В кафе «Снежинка» ребята шумно уселись за столик. Потап постоял в очереди, потом позвал Мишку, и они принесли четыре вазочки, поставили на стол.
— Сдачу возьми, — положил оставшиеся монетки Потап.
— Не надо мне, — отодвинул Юрка их на середину стола.
— Ну, ладно, чего ты, — сказал Потап.
Игорь накрыл монетки ладошкой, пододвинул их к Юрке и не сразу убрал руку, чтобы Юрка привык, что они около него лежат. Но едва он убрал руку, Юрка снова отодвинул монетки на середину стола.
Ребята, не глядя друг на друга, ели мороженое, купленное на Юркины деньги.
— А тебе можно мороженое? — спросил Мишка у Игоря. — Тебе, наверное, нельзя.
— Все равно скоро в санаторий, — отмахнулся тот. — Матери обещали путевку на всю зиму.
— И учиться там будешь? — поинтересовался Потап.
— Да.
— Вот бы мне Верку и Кольку туда послать. Пойду работать, они у меня каждый день мороженое жрать будут.
— Я тоже на следующий год в ПТУ пойду, — неожиданно заявил Юрка. — Окончу восьмой класс и пойду.
— Давай в наше, — предложил Потап. — Пока я там учусь, будешь иметь положение. Никто не тронет.
— Ты же хотел в художественное, — напомнил Мишка.
— Работать надо. Матери я много задолжал. Все беру и беру. А отдавать когда?

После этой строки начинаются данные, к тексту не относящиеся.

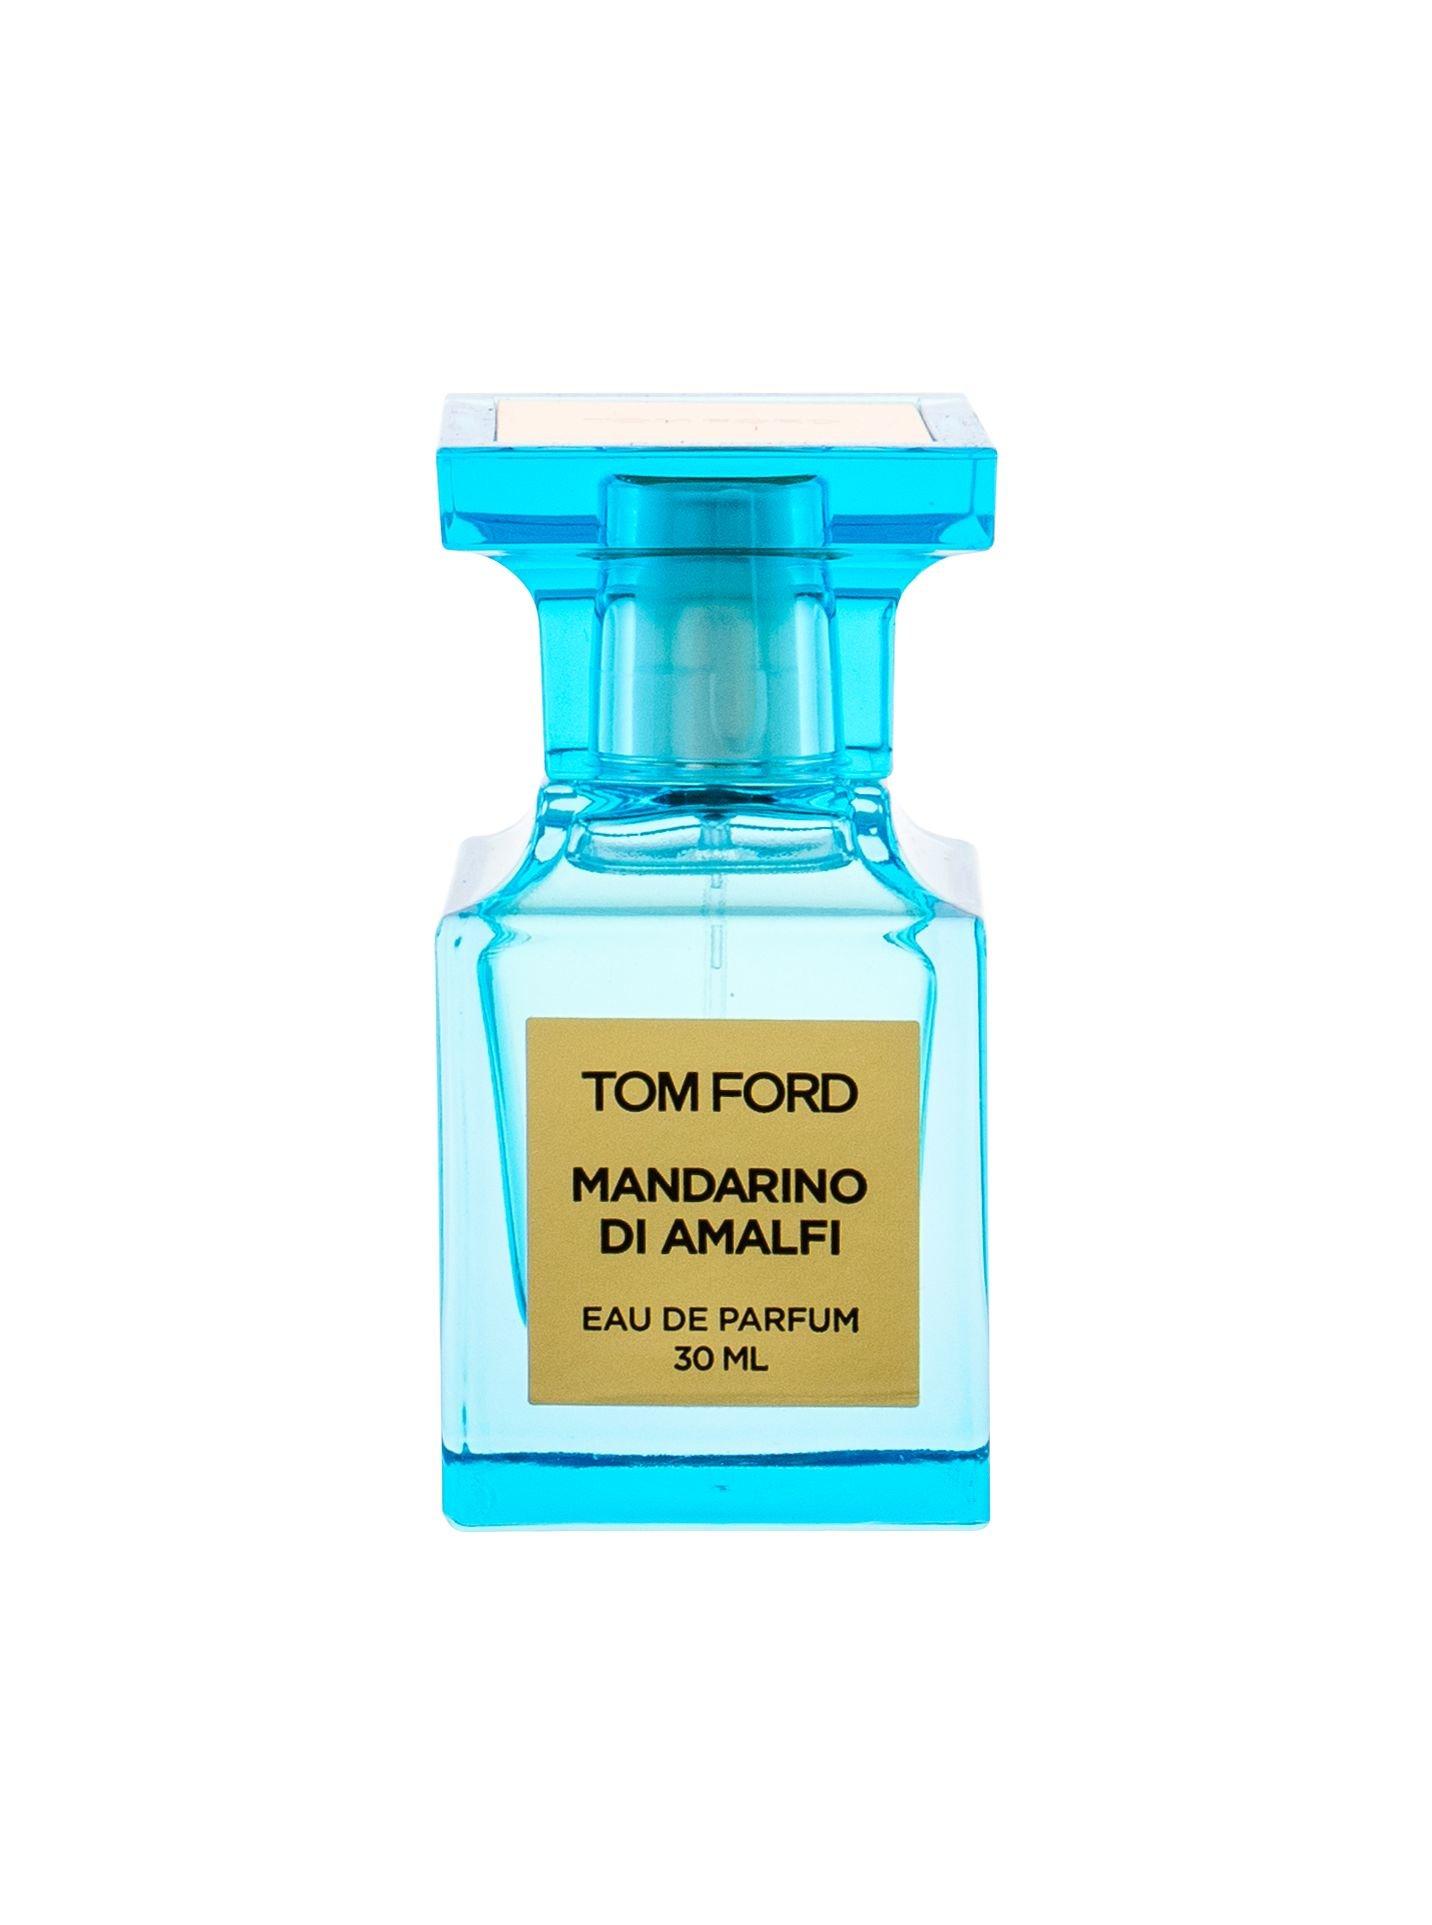 TOM FORD Mandarino di Amalfi Eau de Parfum 30ml
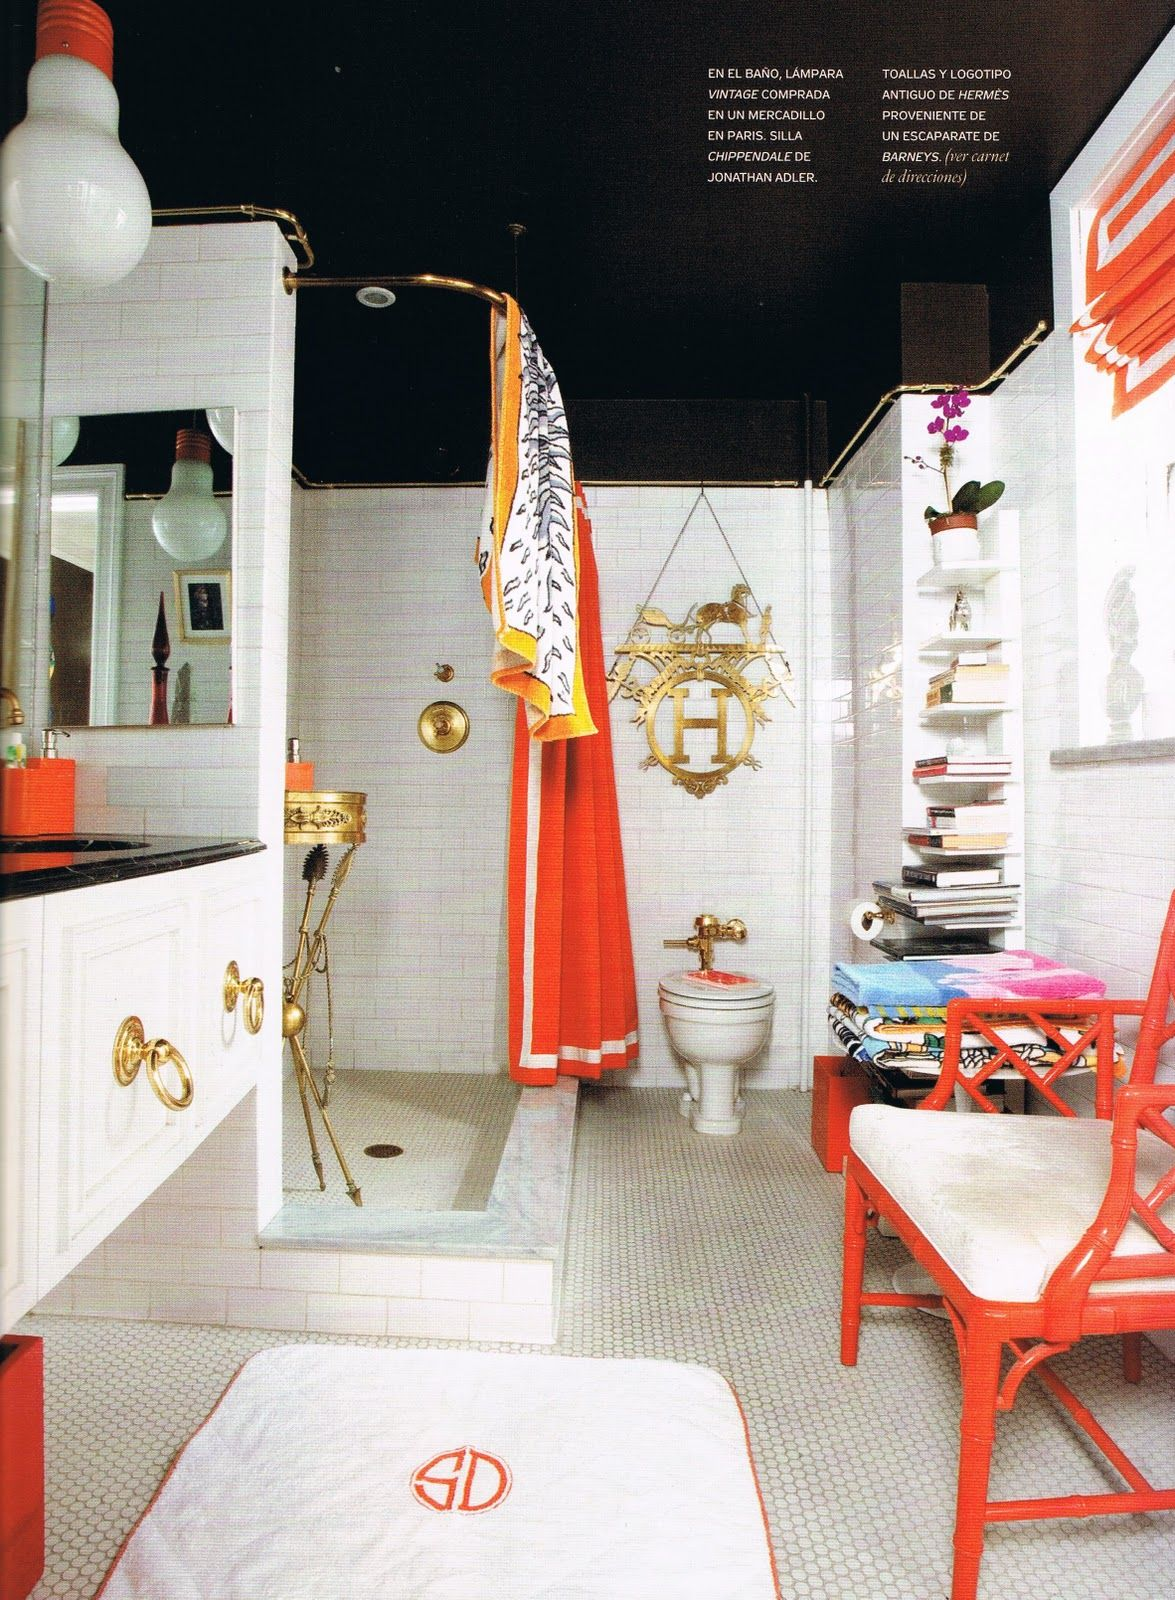 Bon Chair Jonathan Adleru0027s Bathroom

Монетки лежали на середине стола. Мишка поиграл ими, опять придвинул к Юрке. Тот посмотрел, ничего не сказал. Ребята решили, что возьмет. Но когда Юрка вслед за Потапом, Мишкой и Игорем встал из-за стола, монетки остались лежать рядом с пустыми вазочками.
Занятое место
В школе шел урок литературы. Молоденькая учительница, тонколицая, вдохновенная, с большими мечтательными глазами, расхаживала у доски с книжкой, которую бережно прижимала к себе и поглаживала.
— Вспомните, как это написано у Толстого. Открывается дверь — и вбегает Наташа Ростова. Другими словами, открывается дверь — и вбегает сама чистота, нежность…
Открылась дверь — и в класс просунулся Юрка. Мальчишки и девчонки встретили его дружным хохотом.
— Извините, Светлана Николаевна, я опоздал.
— Ничего, ты пришел вовремя, — улыбнулась учительница. — Проходи, садись. Только побыстрее.
Юрка кивнул, подбежал, не поднимая головы, к своей парте и обнаружил, что его место занято. Юрка оглянулся на учительницу, потом посмотрел на Нину Берестневу. Девочка отвернулась к окну.
— Ну, что ты там, Петров, мы тебя ждем, — сказала учительница.
Юрка молча шмякнул свой портфель на крышку перед носом худенького мальчишки в очках и отошел в сторону, давая тому возможность вылезти, пересесть на свое место. Очкарик не шевельнулся. Он смотрел прямо перед собой, словно не видел портфеля и его хозяина.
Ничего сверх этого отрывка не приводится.